Looking more closely, we want to see which state had the largest increases and decreases for the measured period. Top movers to California by delta from 2015 to 2019:
## region delta_migration
## 46 virginia 9497
## 23 minnesota 4064
## 21 massachusetts 3530
## 10 georgia 2866
## 20 maryland 1794
## 11 hawaii 1510
And we can also see which states had the lowest movers from 2015 to 2019:
## region delta_migration
## 14 indiana -3727
## 35 ohio -3738
## 36 oklahoma -4603
## 43 texas -4650
## 3 arizona -5978
## 5 colorado -6072
What about by the largest respective state population proportion that moved in 2015?
## # A tibble: 6 × 5
## region year migration pop2015 percentagepop
## <chr> <int> <int> <dbl> <dbl>
## 1 nevada 2015 25332 2866939 0.884
## 2 alaska 2015 6022 737498 0.817
## 3 hawaii 2015 10475 1422052 0.737
## 4 district of columbia 2015 3908 675400 0.579
## 5 oregon 2015 20838 4015792 0.519
## 6 arizona 2015 34204 6829676 0.501
The least amount of migration by state population proportion in 2015:
## # A tibble: 6 × 5
## region year migration pop2015 percentagepop
## <chr> <int> <int> <dbl> <dbl>
## 1 michigan 2015 8852 9931715 0.0891
## 2 kentucky 2015 3781 4425976 0.0854
## 3 mississippi 2015 2539 2988471 0.0850
## 4 south dakota 2015 610 853988 0.0714
## 5 iowa 2015 1394 3120960 0.0447
## 6 west virginia 2015 413 1842050 0.0224
We can also see the state with the largest population proportion that moved in 2019:
## # A tibble: 6 × 5
## region year migration pop2019 percentagepop
## <chr> <int> <int> <dbl> <dbl>
## 1 nevada 2019 26433 3080156 0.858
## 2 hawaii 2019 11985 1415872 0.846
## 3 alaska 2019 5064 731545 0.692
## 4 district of columbia 2019 3075 705749 0.436
## 5 washington 2019 31882 7614893 0.419
## 6 oregon 2019 17265 4217737 0.409
And the least amount of proportion that moved in 2019:
## # A tibble: 6 × 5
## region year migration pop2019 percentagepop
## <chr> <int> <int> <dbl> <dbl>
## 1 alabama 2019 3310 4903185 0.0675
## 2 michigan 2019 6406 9986857 0.0641
## 3 iowa 2019 1956 3155070 0.0620
## 4 kentucky 2019 2606 4467673 0.0583
## 5 new hampshire 2019 709 1359711 0.0521
## 6 west virginia 2019 303 1792147 0.0169
So what do all these tables actually mean? Well for starters Colorado, Arizona, Texas, Oklahoma and Ohio actually decreased their choice from moving to California, whether it was for the traditionally high cost of living or other reasons.

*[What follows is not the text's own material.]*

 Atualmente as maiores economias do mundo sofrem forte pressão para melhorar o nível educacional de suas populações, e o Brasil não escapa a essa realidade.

Meanwhile, Virginia, Minnesota, Massachusetts, Georgia, Maryland and Hawaii had the highest change in people choosing to move to California as mentioned in the plotted graphs section.

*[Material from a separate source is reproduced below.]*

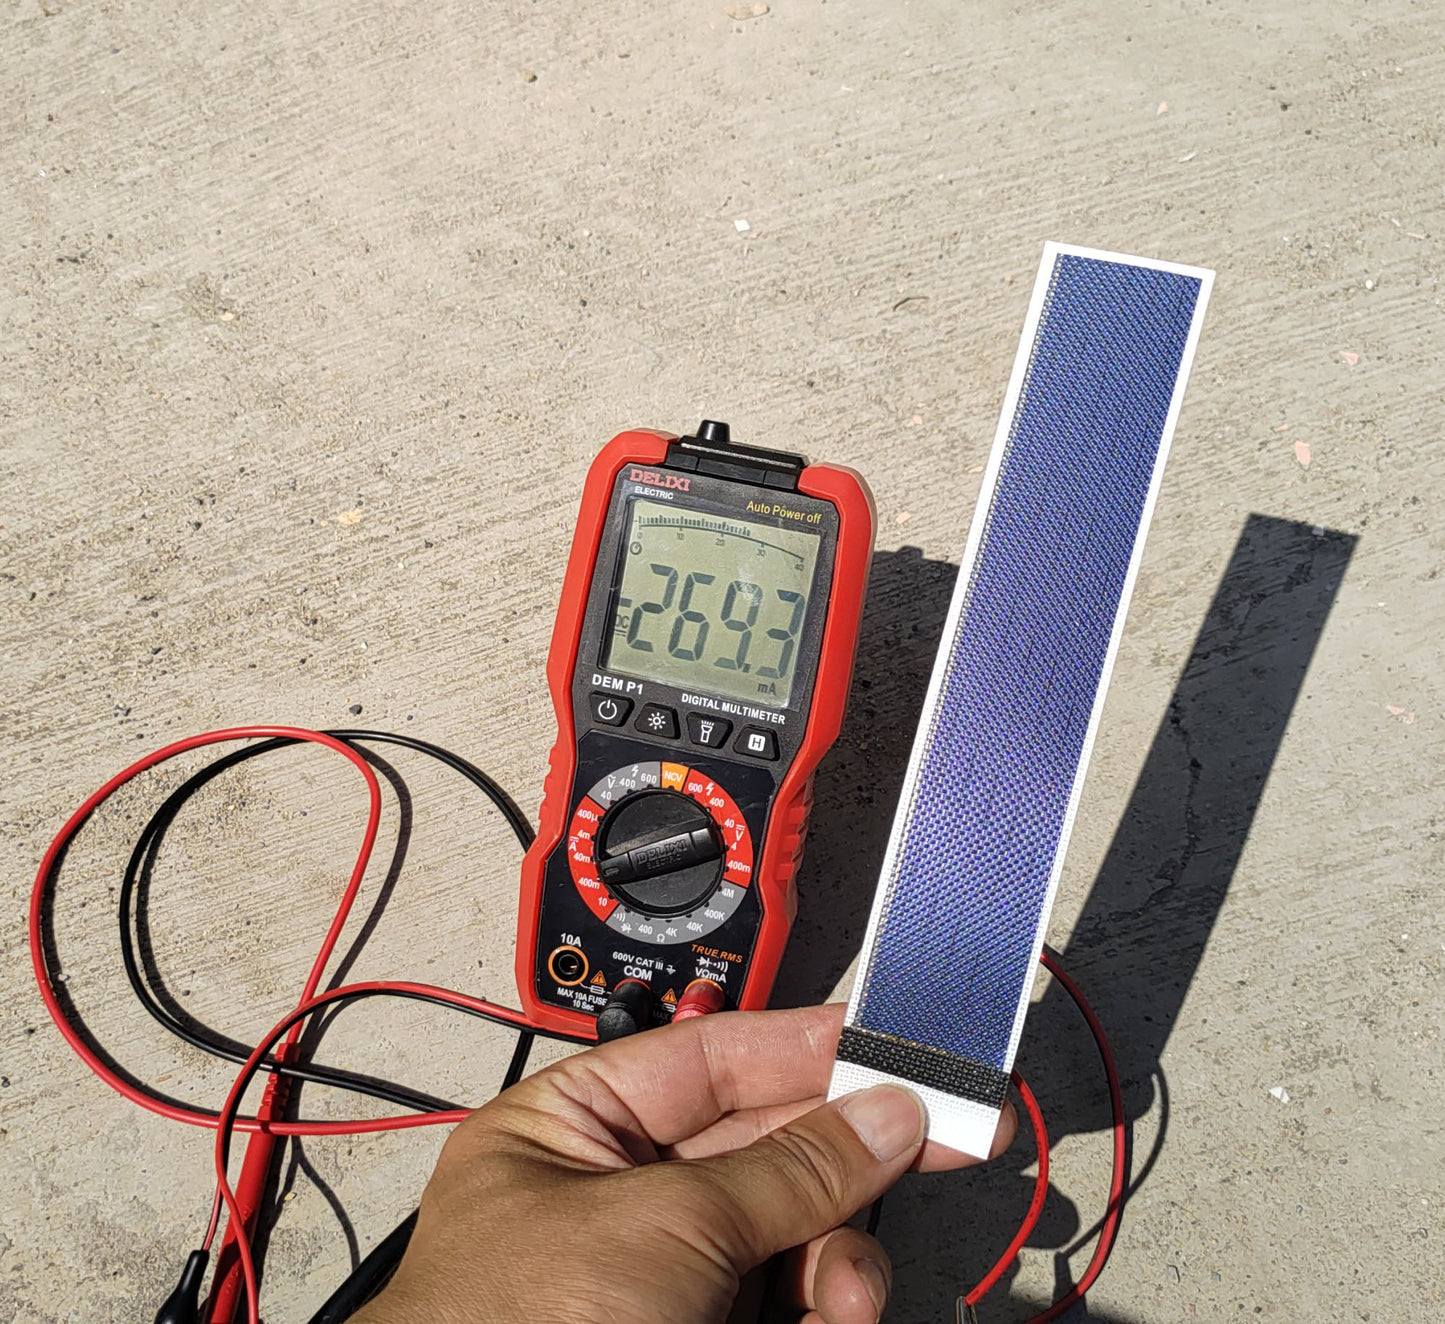 Painel solar de filme fino para baixa potência IoT Electronics Carregador de bateria Célula solar flexível Faça você mesmo Mini Projetos científicos de energia solar

Adjusted for population proportion for the respective years measured, it seems like Alaska Nevada and Hawaii had the consistently highest number of movers staying within the top three spots.

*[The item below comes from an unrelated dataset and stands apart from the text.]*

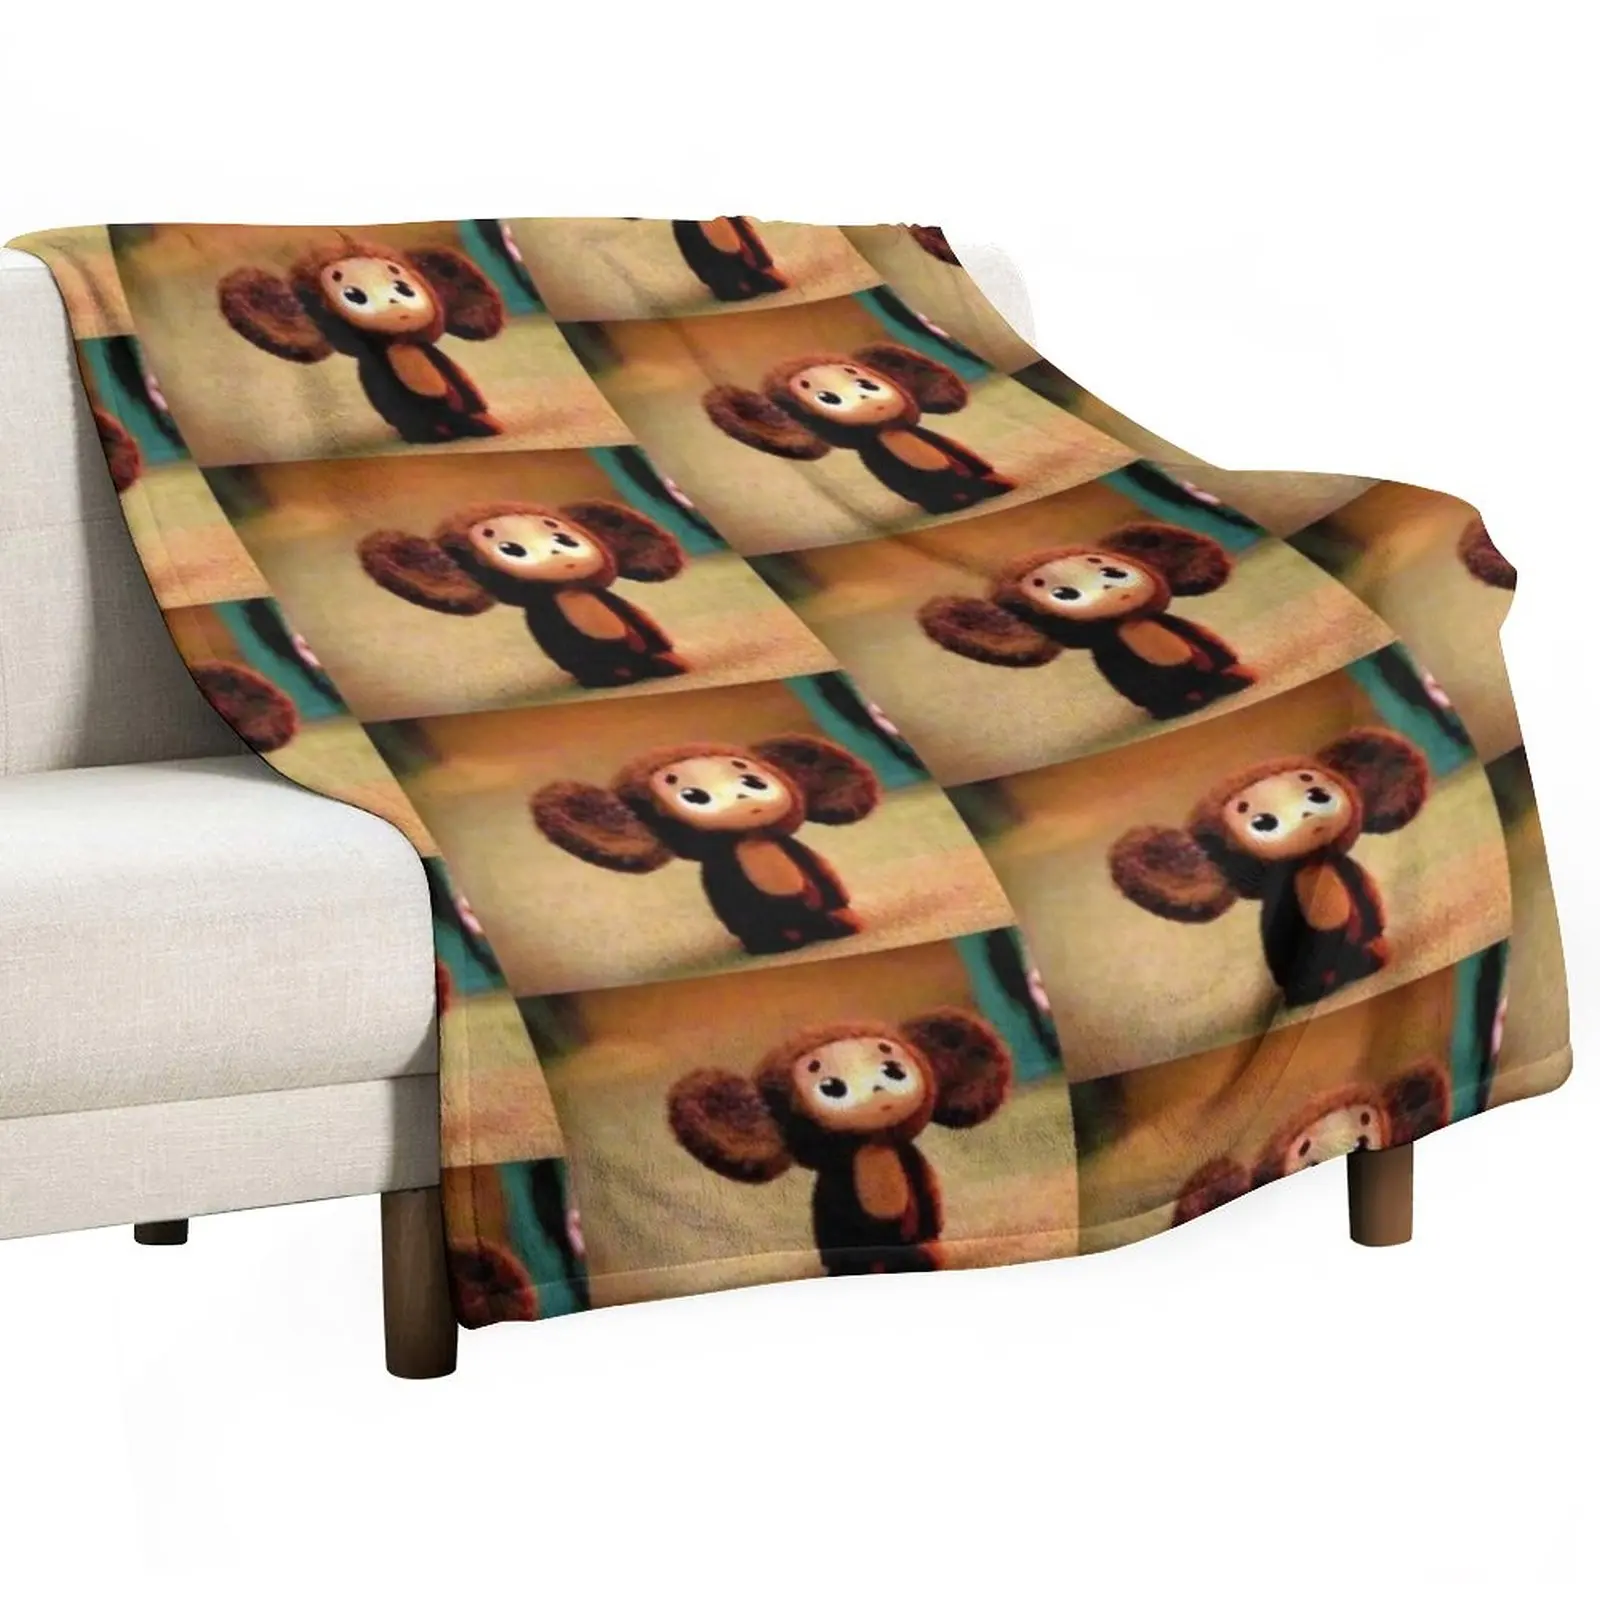 

Декоративное одеяло Cheburashka, милый плед в клетку, пляжное одеяло

Simply stated, “West Coast transplants” have actually been decreasing, albeit slowly, over the years going against empirical observations. It will be interesting to calculate the population estimates post Covid and this template would hopefully provide a baseline for comparison. Using regression, we could estimate the decreases if these trends would have continued unimpeded, and use the prediction as a factor for comparing against the Covid impacts. As of 2022 under quick empirical “observations” there has been a large exodus out of California due to the high cost of living, Covid unemployment and potentially out of state migrants being homesick. It remains to be seen, and calculated, what the impacts of the pandemic have done to interstate migration.